The building faces south, with Number 3 at the west end and Marylea in the centre and east end, occupying two former cottages. The original layout was a three-room-through-passage plan house with a service room at the west end. Number 3 incorporates the former service room, with a projecting end stack, the through passage, and a hall with an axial stack backing onto the passage. Marylea encompasses the former inner room and an early 18th-century single-room extension with an axial stack serving back-to-back fireplaces. A 19th-century service extension is attached to the rear of Marylea, and a two-storey service block with a tile monopitch roof and gabled dormers sits behind it, to the rear.

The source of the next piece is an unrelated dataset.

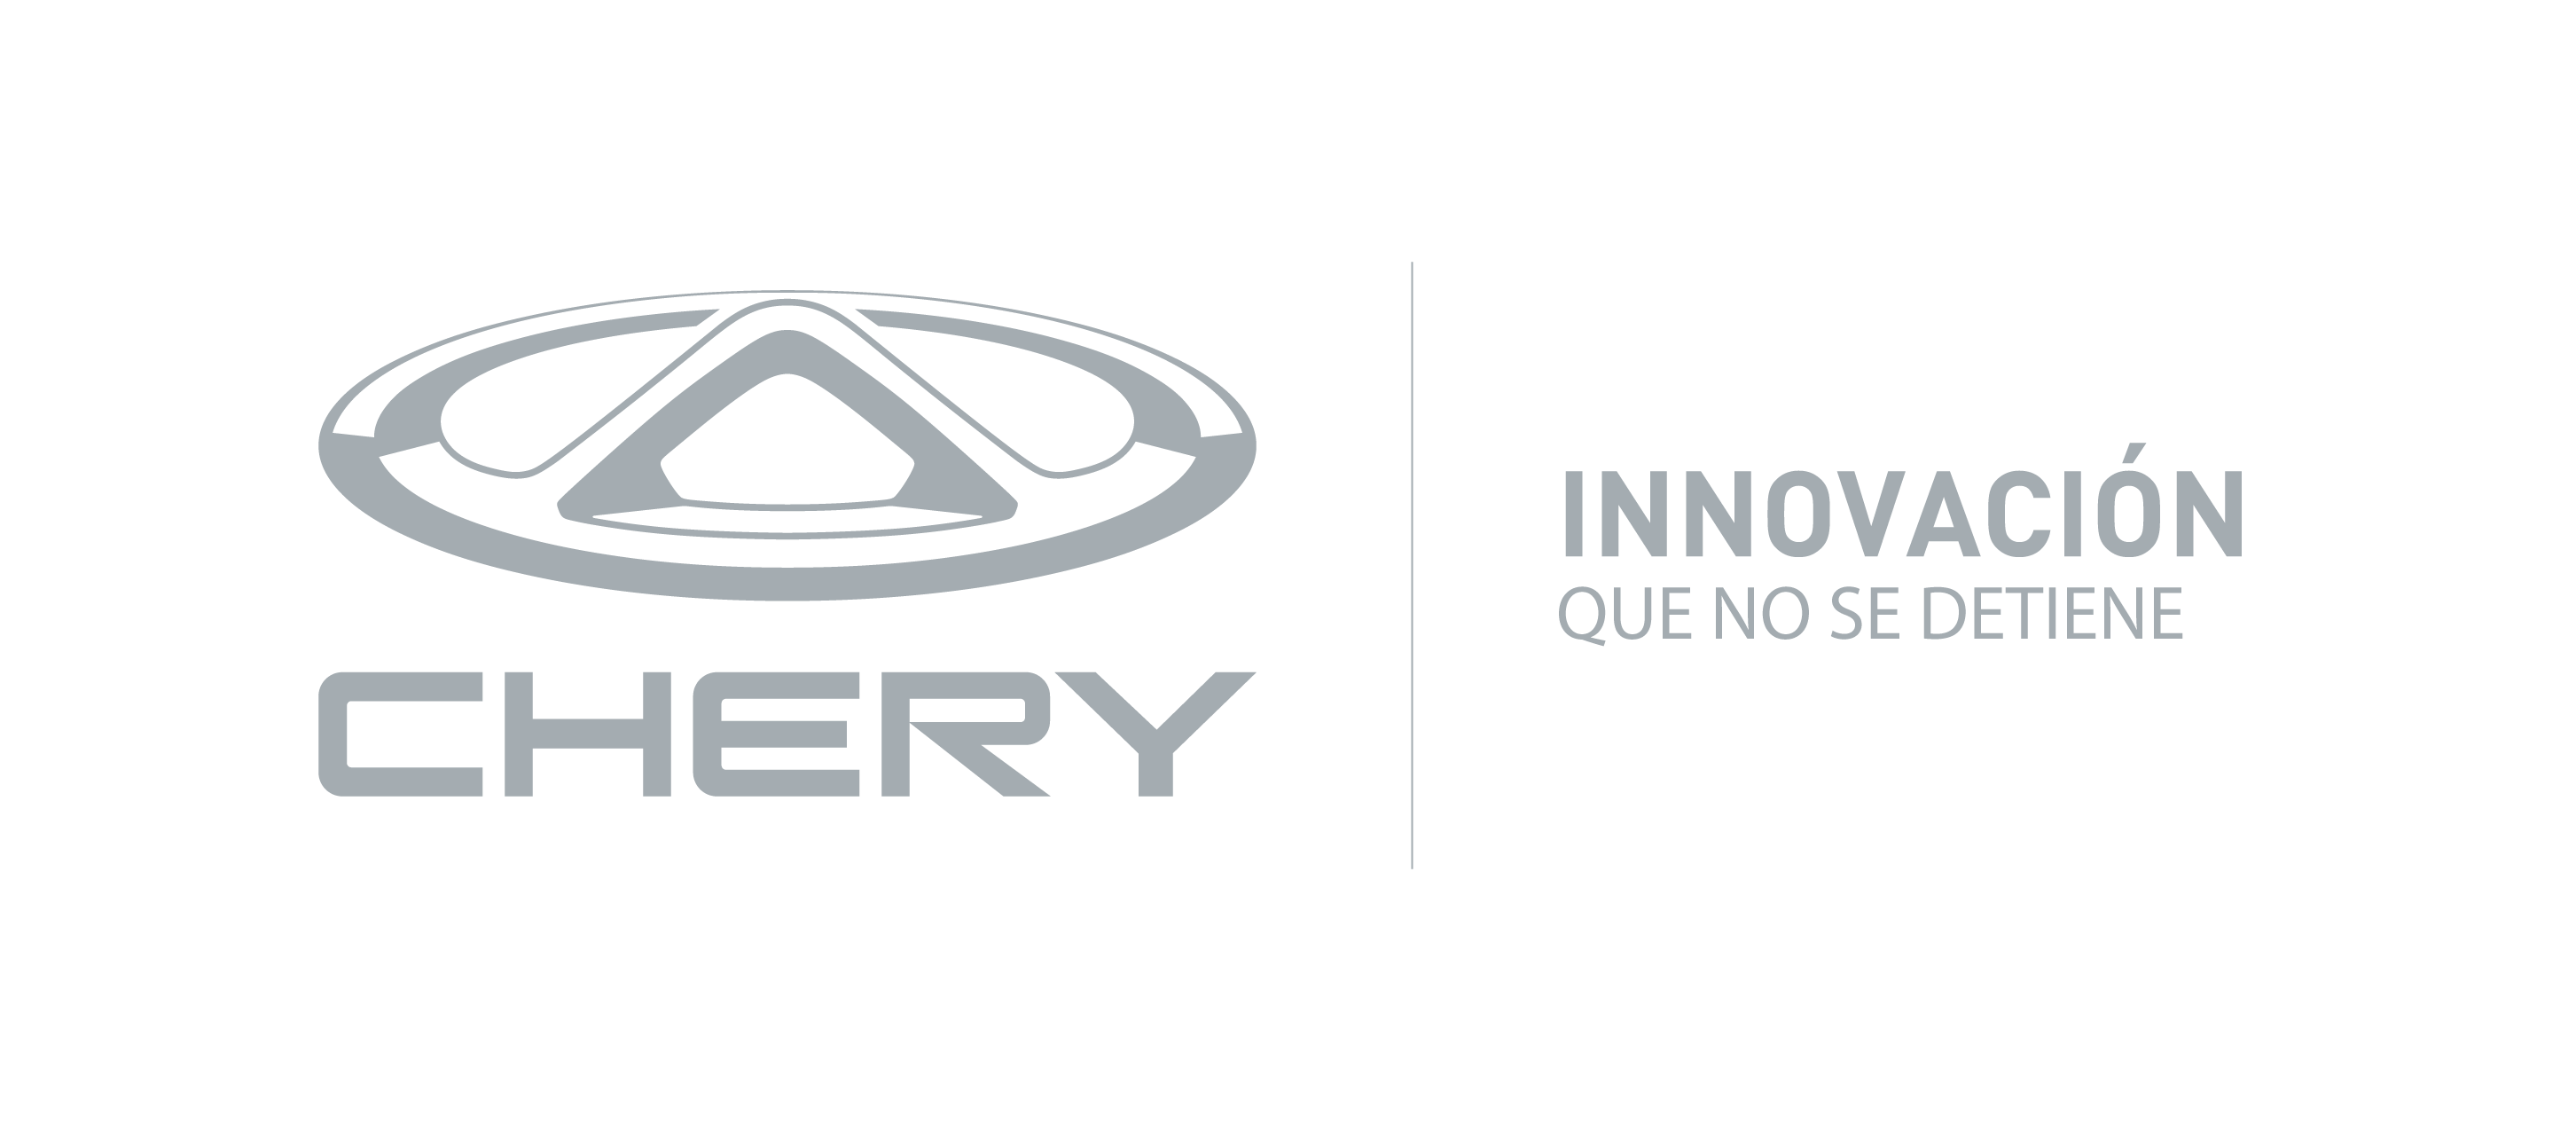 slogan 2020 innovacion-02
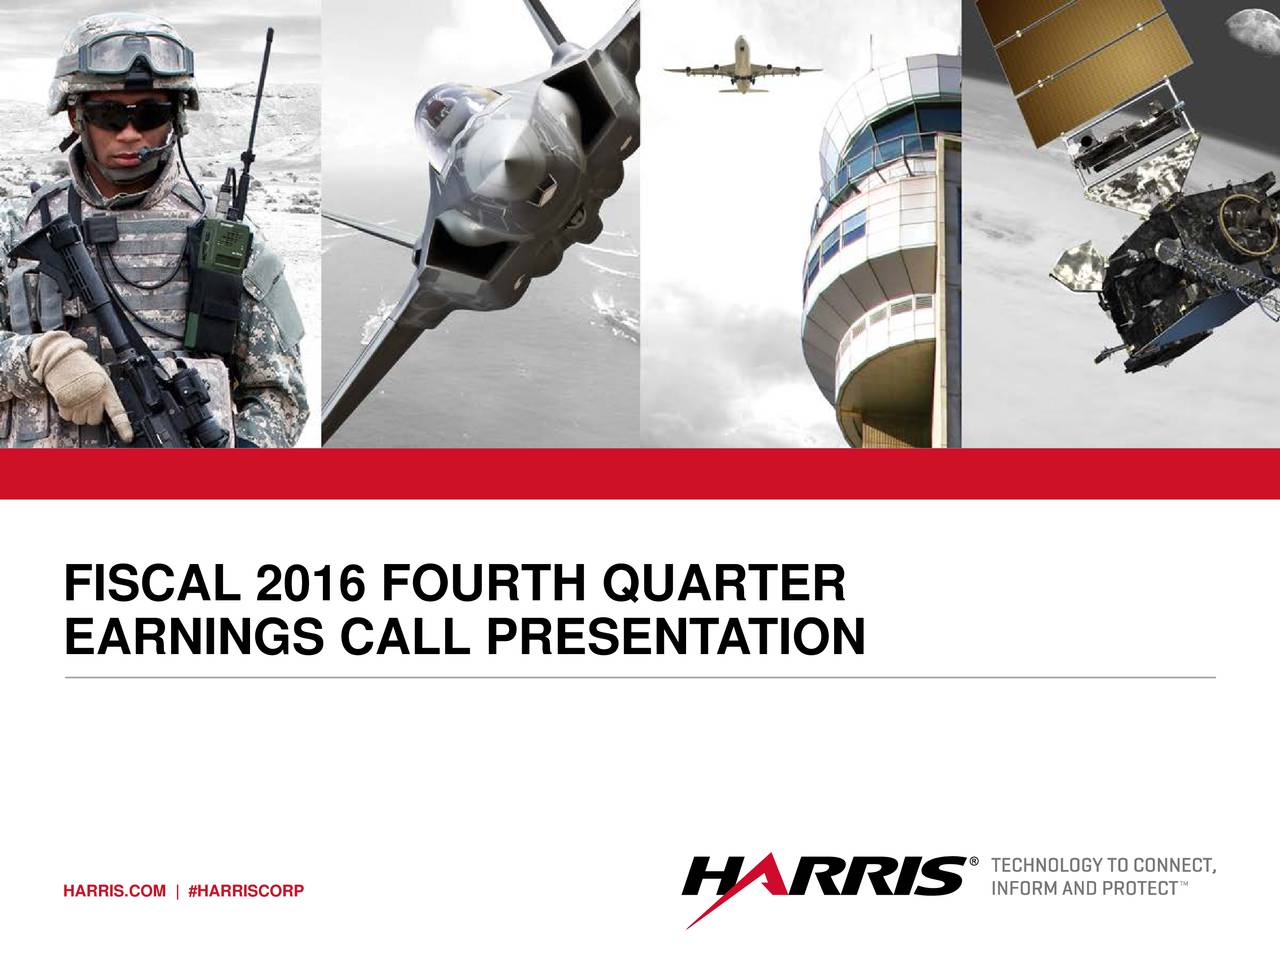 (10 x 3.5) FISCAL 2016 FOURTH QUARTER EARNINGS CALL PRESENTATION HARRIS.COM | #HARRISCORP

The front elevation is irregular, featuring a five-window arrangement of mixed 19th and 20th-century casements, many with glazing bars. The central three first-floor windows contain rectangular panes of leaded glass. A door towards the left end (leading to Number 3) has a doorframe likely dating to the 17th century, with a chamfered frame and a 19th-century plank door. A roughly central door serves Marylea.
The interior reveals mostly late 17th and early 18th-century features, including roughly chamfered crossbeams and plainly finished fireplace lintels. The stacks in both the former hall and service room are cob, and all fireplaces originally had side ovens, though some are now blocked. A roof structure of A-frame trusses with pegged lap-jointed collars and X-apexes is visible in Number 3. While the roof is inaccessible in Marylea, the feet of the principals suggest a similar truss structure.
Evidence of the original 16th-century construction remains in Number 3, where a rear passage door has an oak elliptical-headed frame, and a side-pegged jointed cruck truss is partially visible in the roof. Other early features may be concealed.